Вдруг кто-то уверенно и настойчиво стукнул в дверь. Дигги нехотя приоткрыл глаза. Не хотелось бы сейчас встречать и размещать гостей, возиться с лошадьми, кормежкой. Неужели кто-то потащился в путь по такой погоде? Дигги жил в стороне от тракта, к его угодьям сворачивала косая, заросшая травой колея, которая, по правде говоря, была знакома только своим. Обычно он с радостью кормил путников и давал ночлег, но в такой ливень…
Он, кряхтя, поднялся и пошлепал мокрыми парными ногами по половицам. Плечи и голени приятно ныли после тяжелой работы. Открыв дверь,  впустил в комнату путника. Тот был в длинном плаще с капюшоном, на теплый досчатый пол быстро натекла досадная лужа.
- Дигги Ди? – поинтересовался путник и стащил капюшон.
Дигги угрюмо кивнул. Света от камина было явно недостаточно, чтобы рассмотреть, кто перед ним. Голос оказался женским, глубоким, с дыханием. Вроде того, как из свежей булки что-то выпархивает, когда ее кусаешь. Еще говорят, что хлеб дышит. Так вот девушка эта дышала и говорила, будто свежий батон с хрустящей корочкой. Лицо у нее было крупным, рельефным, хотя быть может, всему виной пасмурные тени от очага, что гуляли по комнате вольными всполохами. Ее правый глаз был закрыт повязкой. Дигги вдруг показалось, что он словно видит сквозь сон совершенно отдельно ее грубо высеченные губы. Надо встряхнуться. Девушка была намного ниже его, коренастая, уши торчком, взгляд лисий.
Пока он, полусонный, соображал, стоит ли приглашать ее пройти, она проворно выудила из-за пазухи белый, неподписанный конверт и беззаботно поинтересовалась.
- Ты ведь знаешь, что это такое?
- Письмо? – неуверенно предположил Дигги, таращась на ее красную от холода руку, явно знакомую с лопатой или на худой конец с метлой - с короткими, хваткими пальцами.
- Гм, - удовлетворенно хмыкнула гостья и похлопала его по плечу, будто старого знакомого, который правильно назвал секретное слово при проходе через ворота.
- Вы, может, прошли бы в дом? – вдруг опомнился Дигги.
И тут же обнаружил, что девушка с усмешкой разглядывает его большие, красные ступни. Но она уже накидывала капюшон.

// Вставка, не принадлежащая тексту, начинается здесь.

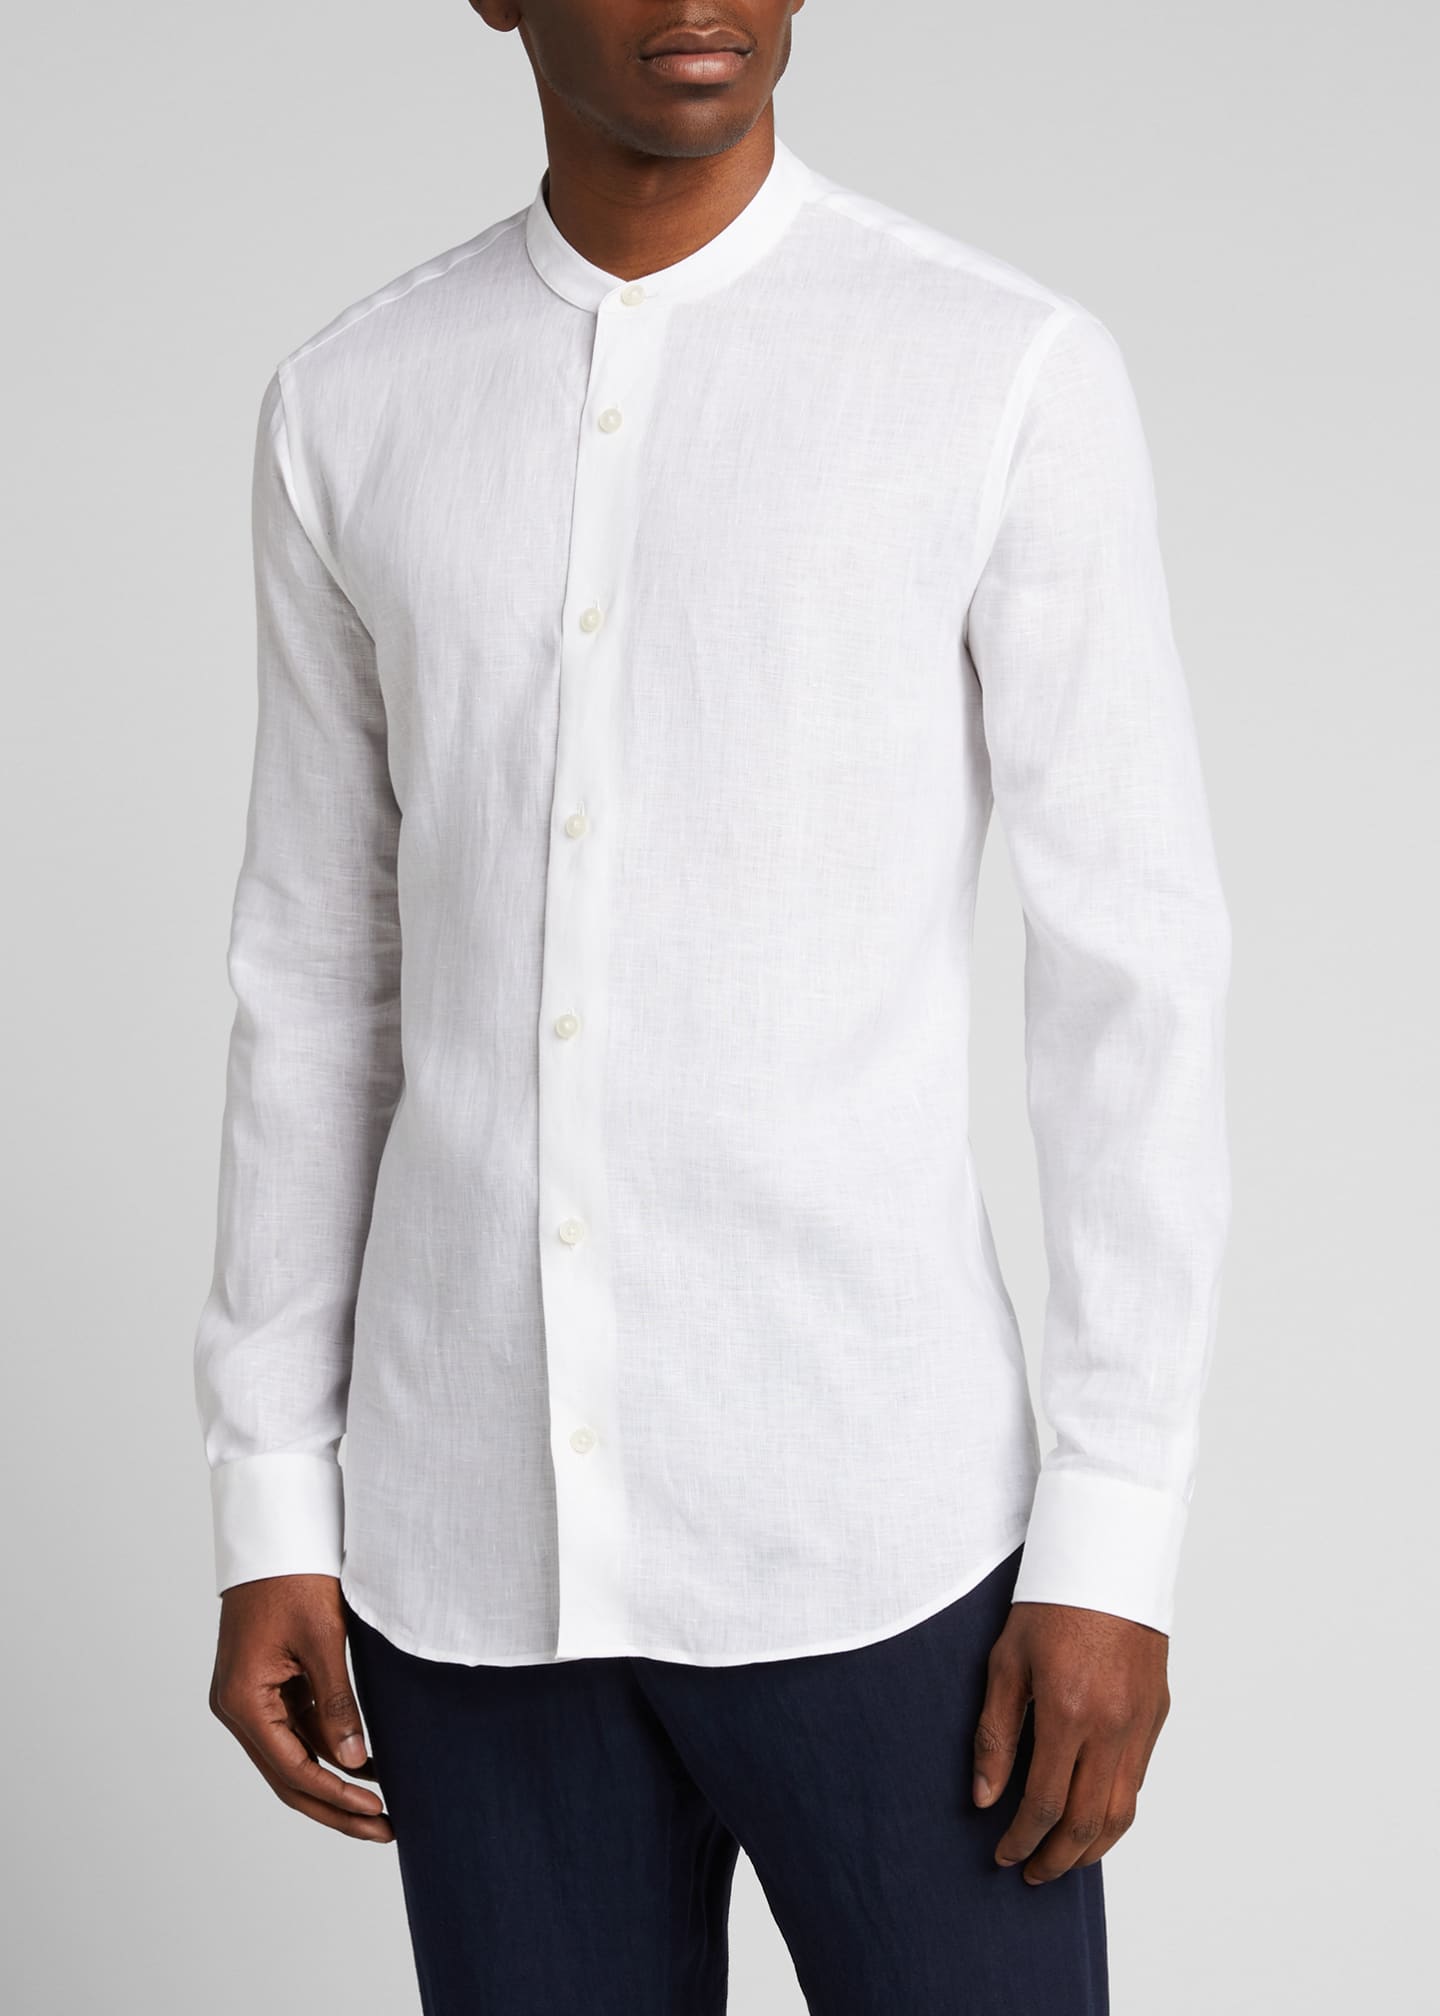 Z Zegna Men's Banded-Collar Linen Sport Shirt - Bergdorf Goodman

- Спасибо, - она ухмыльнулась одним уголком рта и помахала приветливо, - я очень скоро буду дома.
Дверь хлопнула, оставив Дигги Ди разглядывать белый конверт.
- Дома? – удивился он. – Где это?
Отсюда во все стороны сплошные поля да лес – хотелось крикнуть ему вдогонку. Останьтесь, переждите непогоду!
Озадаченный, он обнаружил, что сон слетел, будто бы ветром унесло те смутные очертанья листьев на далеком дереве, что так неясно выступали из тумана. Он уселся обратно в кресло и отодвинул ногой таз. Конверт был запечатан, Дигги, посмотрев на просвет, оторвал край и достал письмо. Совершенно белый, чистый лист бумаги, невероятно красивый в отблесках каминного огня, он не был обезображен ни единой черточкой, точкой или даже соринкой.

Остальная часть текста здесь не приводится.